- The Washington Times - Saturday, April 6, 2002

Discovery Communications Inc. said yesterday that it will sell half its stake in the Discovery Civilization Channel to the New York Times Co. for $100 million, the first step in a plan to boost the small cable network.

In addition, Bethesda-based Discovery has signed a five-year, $40 million deal with the Times' television production unit, which will provide programming for several Discovery-owned networks.

"This is a way to extend the New York Times brand into a different medium," said Catherine Mathis, spokeswoman for the New York Times Co.

Some Times reporters and editors might appear on Discovery Civilization, which airs historical-themed documentaries, Ms. Mathis said.

Discovery Communications will continue to manage the network, which will be governed by a board of directors made up of three Discovery appointees and two Times appointees.

The deal is designed to boost Discovery Civilization, one of six digital-cable networks that Discovery Communications started in 1996.

Discovery Civilization has 14 million subscribers.

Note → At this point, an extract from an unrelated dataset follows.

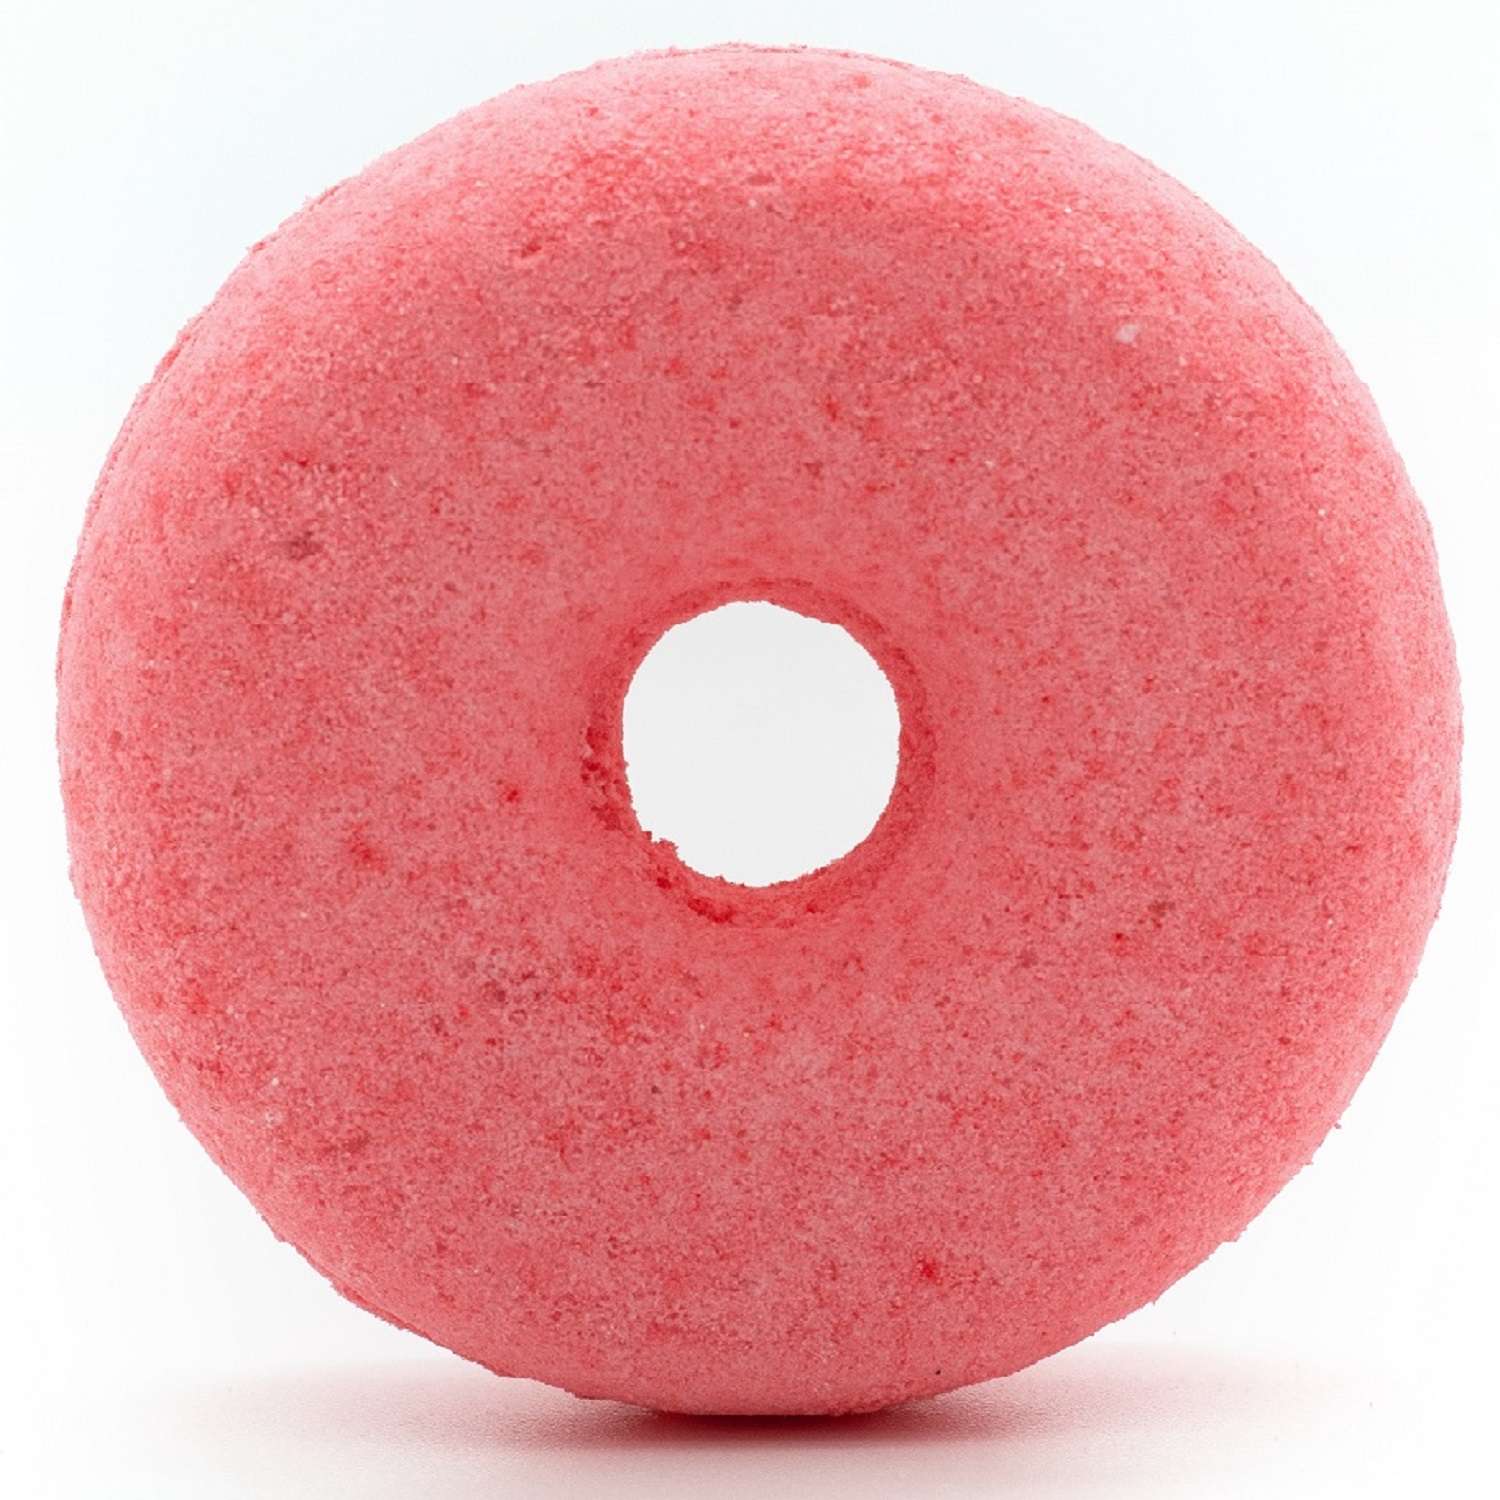 Соль для ванн Ресурс Здоровья Бурлящие пончики Яблоневый цвет и Strawberry 2шт по 120 г - фото 2

Its chief competition, the History Channel, has more than 72 million subscribers.

"We want to expand the program's distribution, and we think compelling programming will help drive that," said David Leavy, spokesman for Discovery Communications.

Discovery is one of the few media companies that are growing despite a soft advertising market.

The company will produce $770 million in cash flow this year, up from $560 million in 2001, according to some analysts' projections.

Discovery has increasingly partnered with other media groups in recent years.

The British Broadcasting Corp. has an ownership stake in Animal Planet, one of Discovery's most popular networks. The BBC and Discovery are also partners in the BBC America cable network.

Last year, Discovery agreed to pay $18 million to lease NBC's Saturday-morning airwaves for three years beginning this fall. Discovery will fill the four-hour programming block with children's versions of some of its most popular shows, such as "The Crocodile Hunter" and "Walking With Dinosaurs."

"Discovery has been very successful leveraging what it's got, and what it has is very valuable programming," said Gary S. Arlen, a Washington media analyst.

Discovery, which also operates a chain of retail stores, has remained independent during a time of intense media-industry consolidation.

Liberty Media Corp., a Colorado company that has a stake in more than 100 cable channels, is the majority owner of Discovery Communications and has resisted selling it.

Discovery held merger talks with NBC last year, and Liberty has rejected informal overtures from Viacom Inc.

Like Discovery, the New York Times Co. is exploring new mediums.

The Times recently became a minority owner in the Boston Red Sox, primarily to gain access to the baseball team's 80 percent stake in the New England Sports Network, a regional sports cable channel.

The Times also owns the Boston Globe and 16 smaller newspapers, half of the International Herald Tribune, eight television stations and two radio stations.